Determination of the optimal threshold
Method one: R=P point
Method two: F1 measurement
Method three
The weight of circle 1 and circle 3 is 1, and the weight of circle 1 and circle 2 is beta 2.
When beta>1, R has more Large impact
When beta<1, P has a greater impact
macro/micro - P/R(0213)
Realize multiple classifications (take handwritten digit recognition as an example)
- Direct use of the algorithm
- Use two categories
- O vs 1 (?): A group of 2 numbers, 1, 2; 1, 3; 1, 4; …; 2, 3; 2, 4; …. A total of 10*9/2=45 models are required
- O vs Rest: 1 and other; 2 and other; ...; 10 and other. A total of 10 models are required
There are many two categories, many P and R above, but these two categories are essentially the same, and they solve a multi-category problem together. How to measure the quality of this model?
- Method 1: Calculate first, then average
- Method 2: Average first and then calculate
. One training set and multiple algorithms learned above.
Next, multiple training sets and one algorithm
0214 Use the PR curve to compare different models.
In the case of the same recall rate, the precision of B is> C, so B is better than C,
but AB is not easy to compare. There are three methods:
- Compare the size of AB
- Than F1
- Than Fbeta
2.3.3 ROC and AUC
ROC curve and AUC (0215)
When the two curves intersect, it is more reasonable to compare the area under the ROC curve, that is, AUC (Area Under ROC Curve)
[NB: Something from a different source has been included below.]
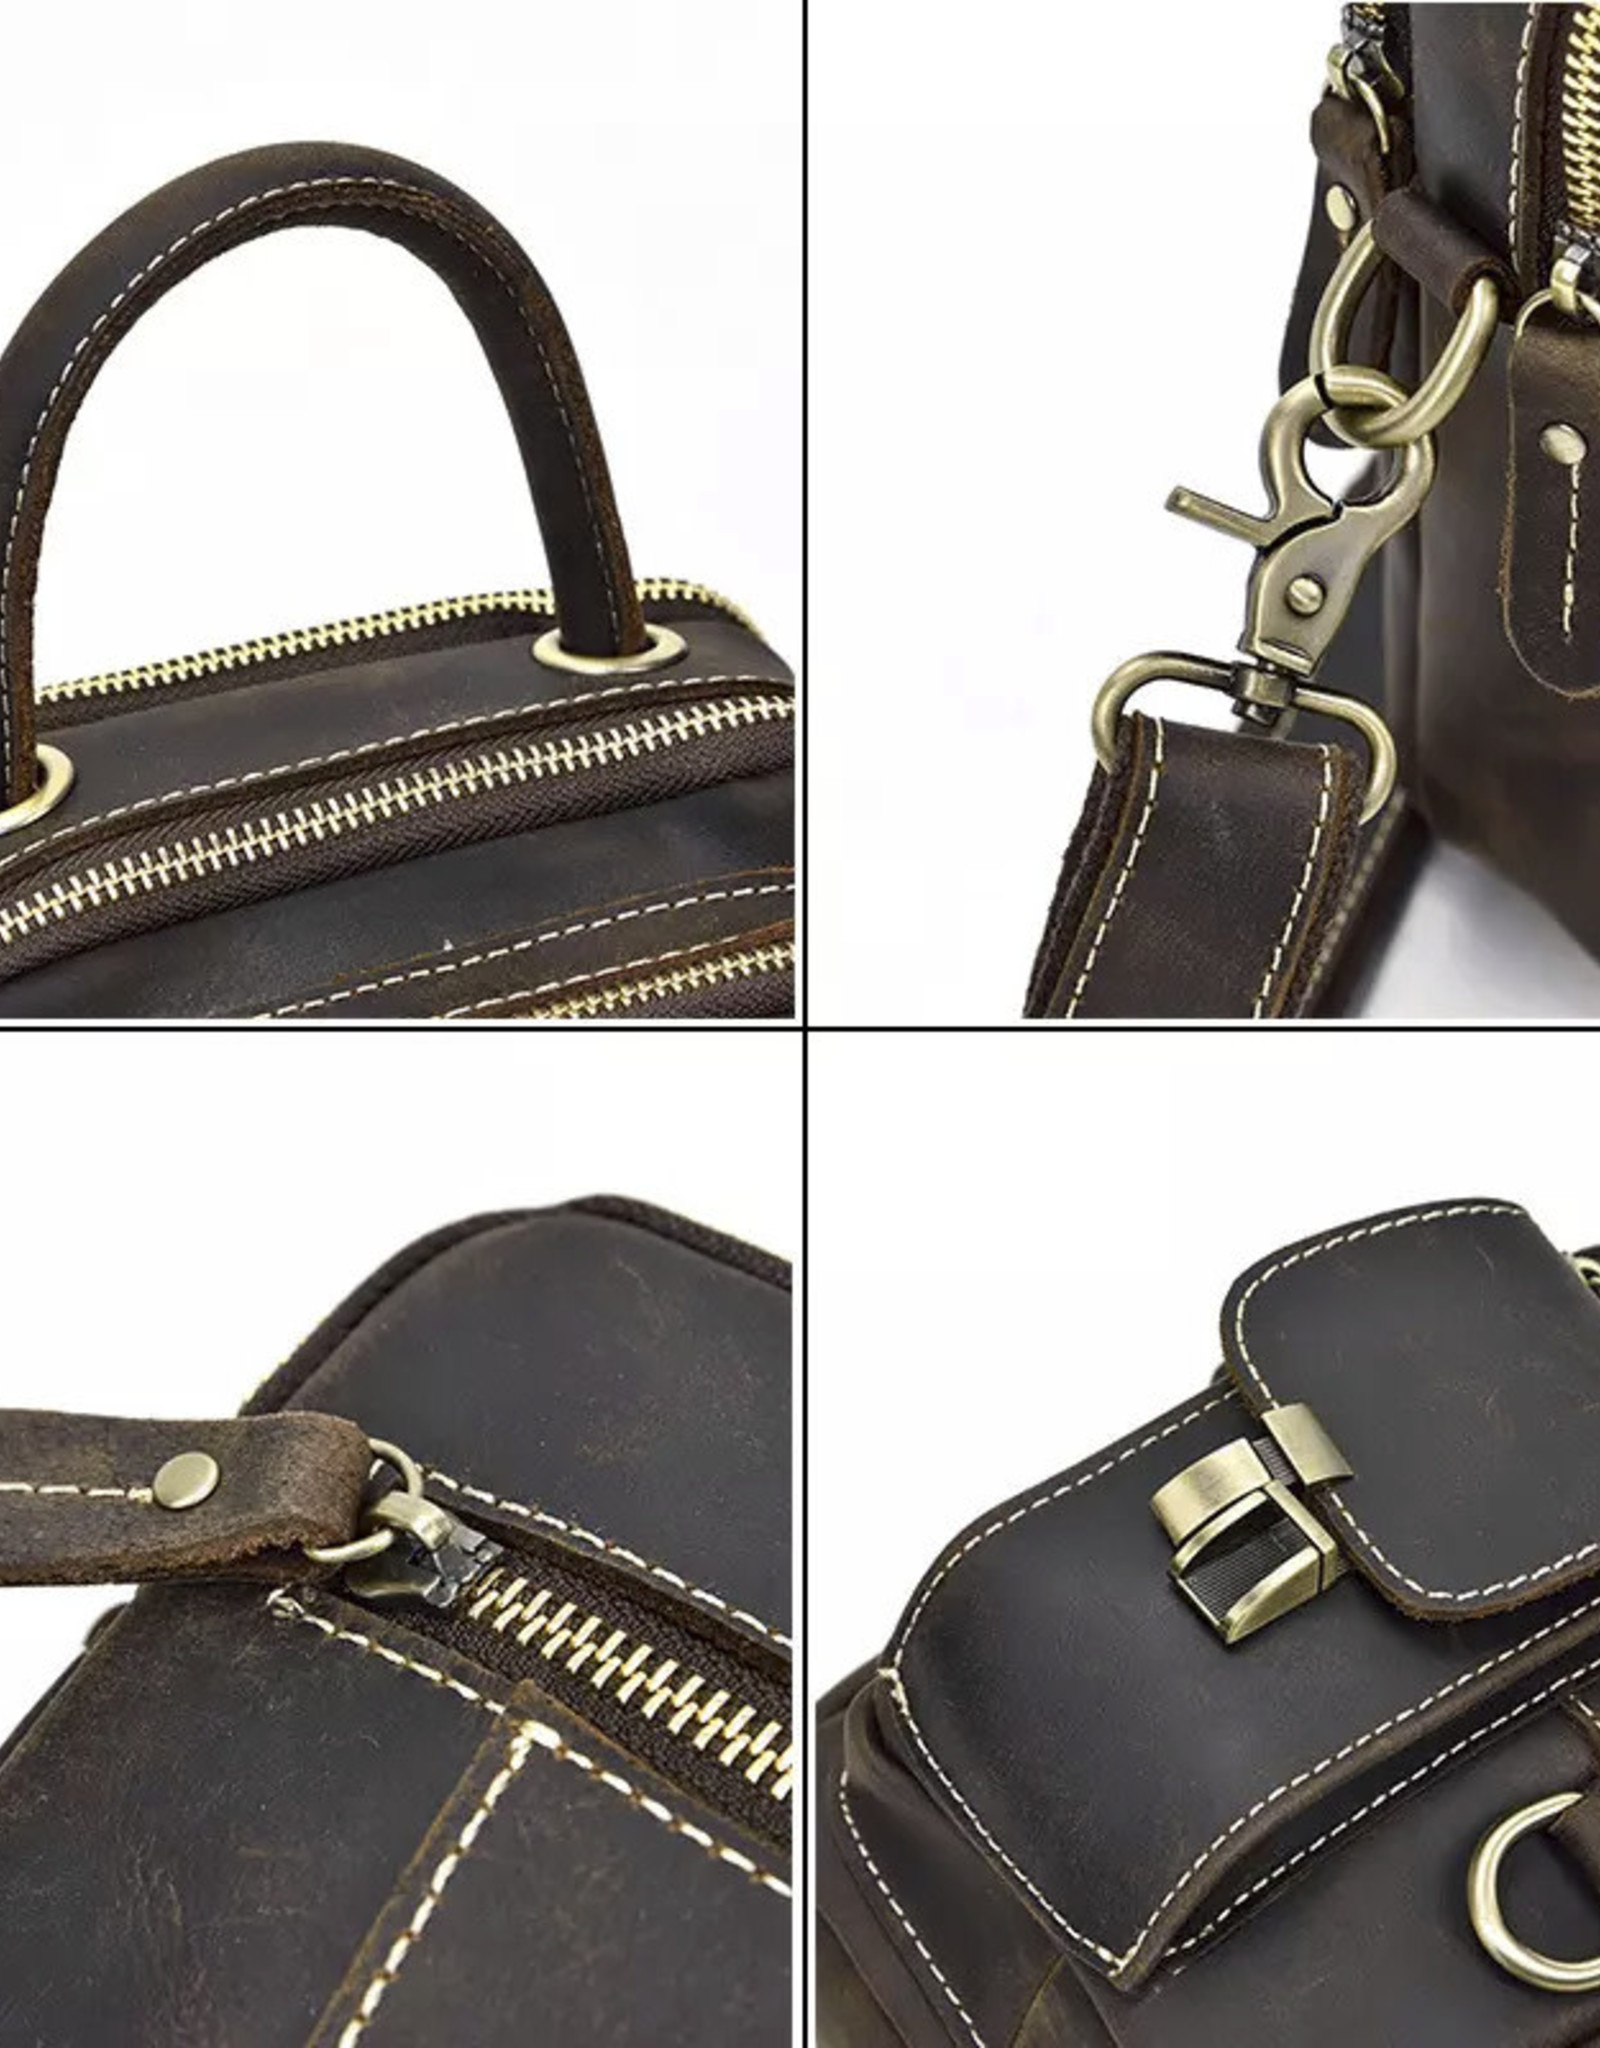 Camden Shoulder Bag Genuine Leather

AUC is the area of the shaded part in the above figure, and formula 2.20 uses micro Element method
(upper base + lower base) * height / 2
(y i + y i+1 )* (x i+1 -x i ) / 2
Rank loss rank-loss(0216)
+
: Positive examples
-
: Example Anti-
D + : the set of all positive examples
D - : negative examples of the set of all
m + : The number of positive examples
m - : Number of counterexample
Take the handwritten numbers in the following figure as an example,
+
:=5-
:!=5- D + : the collection of all =5 pictures
- D - :! = All 5 picture collection
- m + : the number of positive examples, 6
- m - : the number of inversions of the embodiment, six
The score on the horizontal axis is the score given to each picture. The more you go to the right, the higher the score.
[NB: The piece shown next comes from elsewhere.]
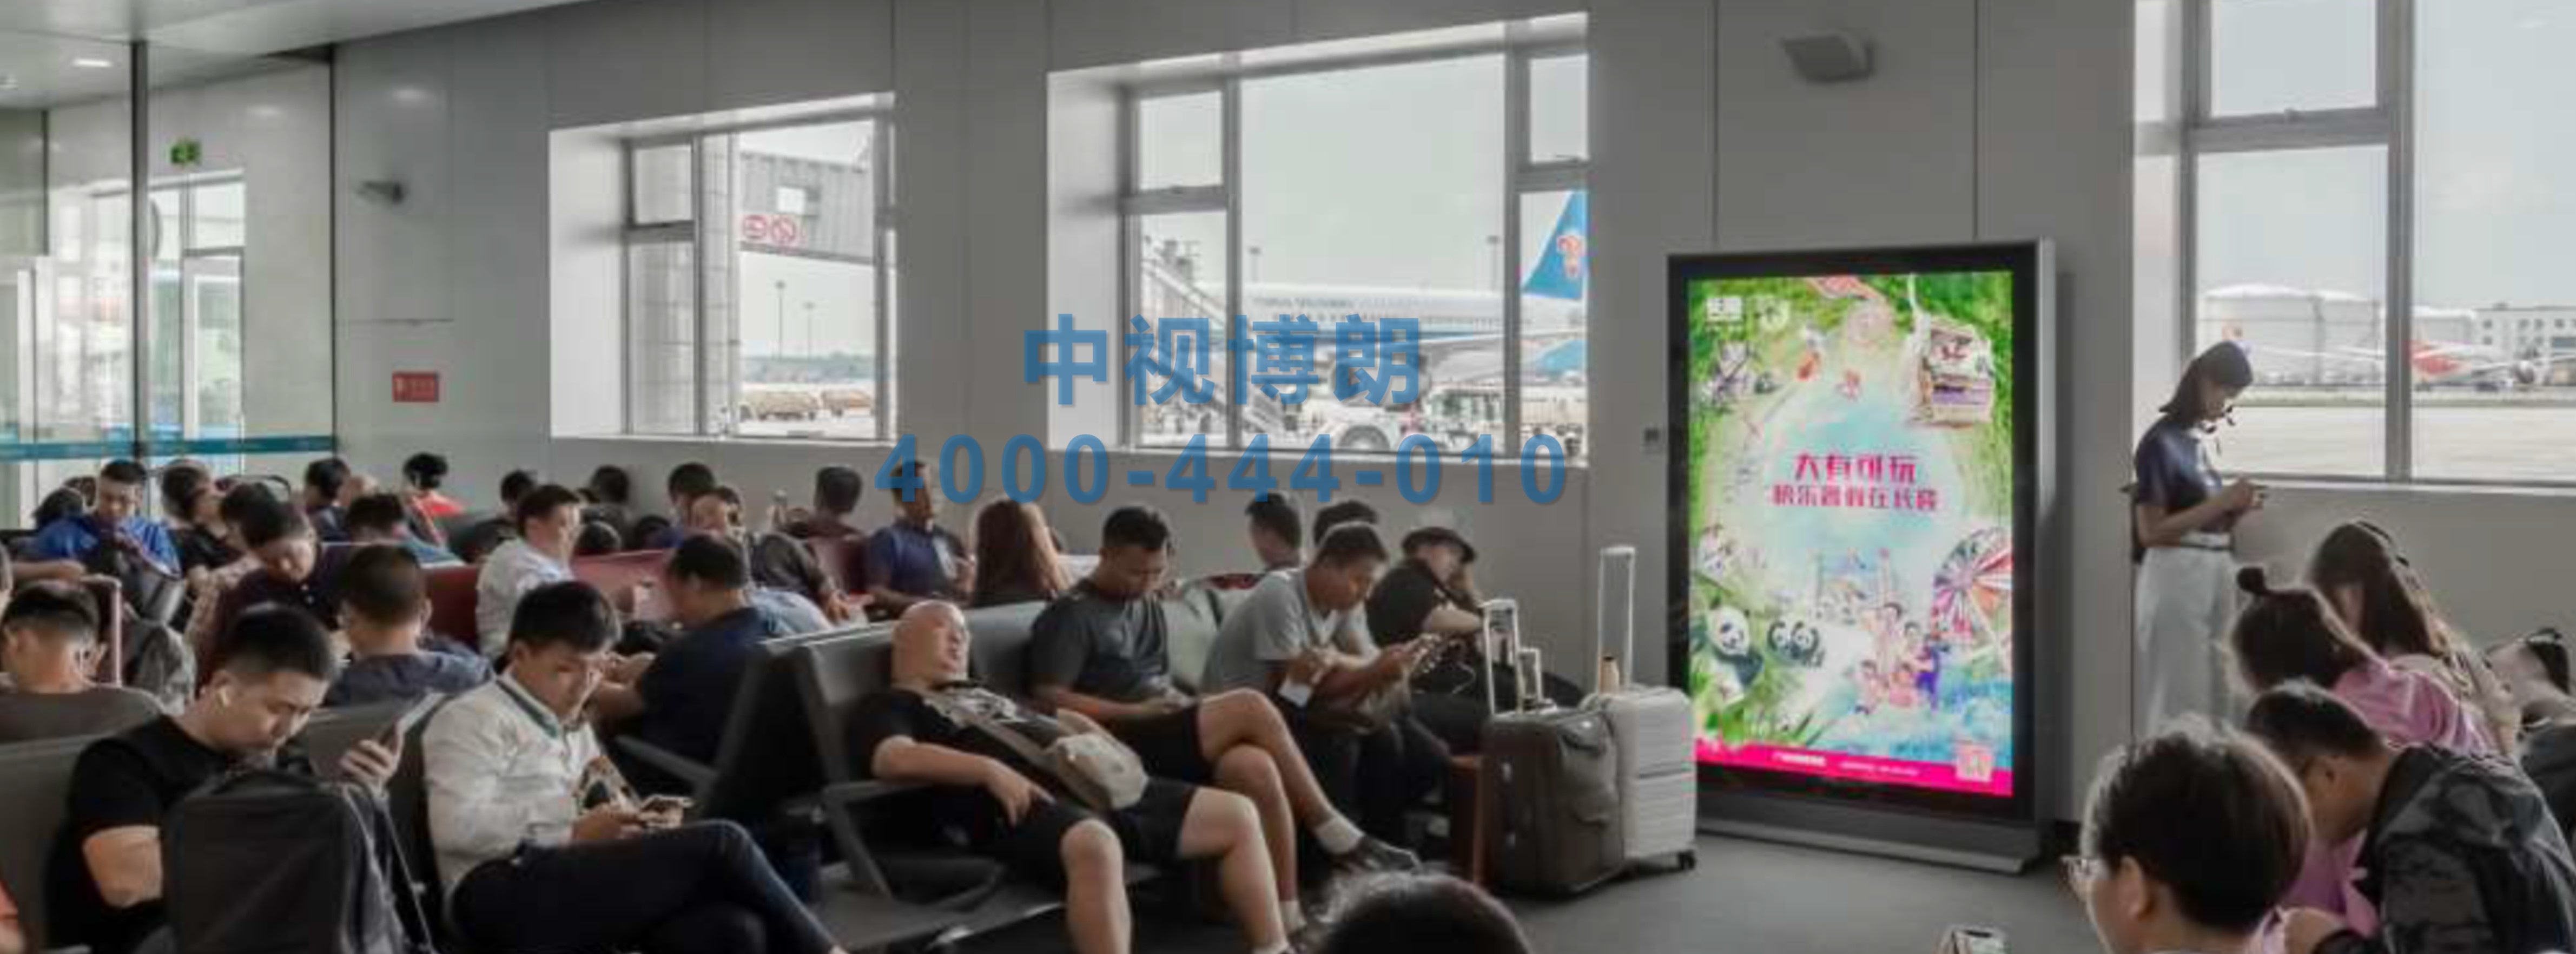 北京首都机场广告-T2国内出发候机区滚动灯箱01

Each positive example is numbered m +i , and each negative example is numbered m -i.
Then look at it in turn
- There are several scores in m -i that are greater than m +1 . At this time, m -5 and m -6 meet the conditions, and there are 2
- There are several scores in m -i that are greater than m +2 . At this time, m -6 meets the conditions, and there is 1
- There are several scores in m -i that are greater than m +3 . At this time, m -6 meets the conditions, and there is 1
- There are several scores in m -i that are greater than m +4 , and there are 0
- There are several scores in m -i that are greater than m +5 , and there are 0
- There are several scores in m -i that are greater than m +6 , and there are 0
rank-loss=(2+1+1+0+0+0)/(m+ * m-)=4/(6*6)=4/36
AUC与rank-loss(0217)
2.3.4 Cost-sensitive error rate and cost curve (to be continued)
The introduction of cost-sensitive curve (0218)
Different consequences of different types of errors caused by different types weigh loss caused by an error, the error may be assigned an unequal consideration (unequal cost)
cost matrix in figure dichotomous
- cost ij represents the cost of predicting the i-th sample as the j-th sample
- Generally speaking, cost ij =0
- If the category 0 is judged to be the category 1, the loss is greater, then cost 01 > cost 10
- The degree of loss differs by approximately, the greater the difference between the value of cost 01 and cost 10
The previous error rate is a direct calculation of the number of errors, without considering the different consequences of different errors
Cost curve thinking (0219)
You can refer to Zhihu-Machine Learning (Zhou Zhihua) Section 2.3.4, Understanding of the cost curve?
2021/2/19 I didn’t finish it, so I decided to skip it.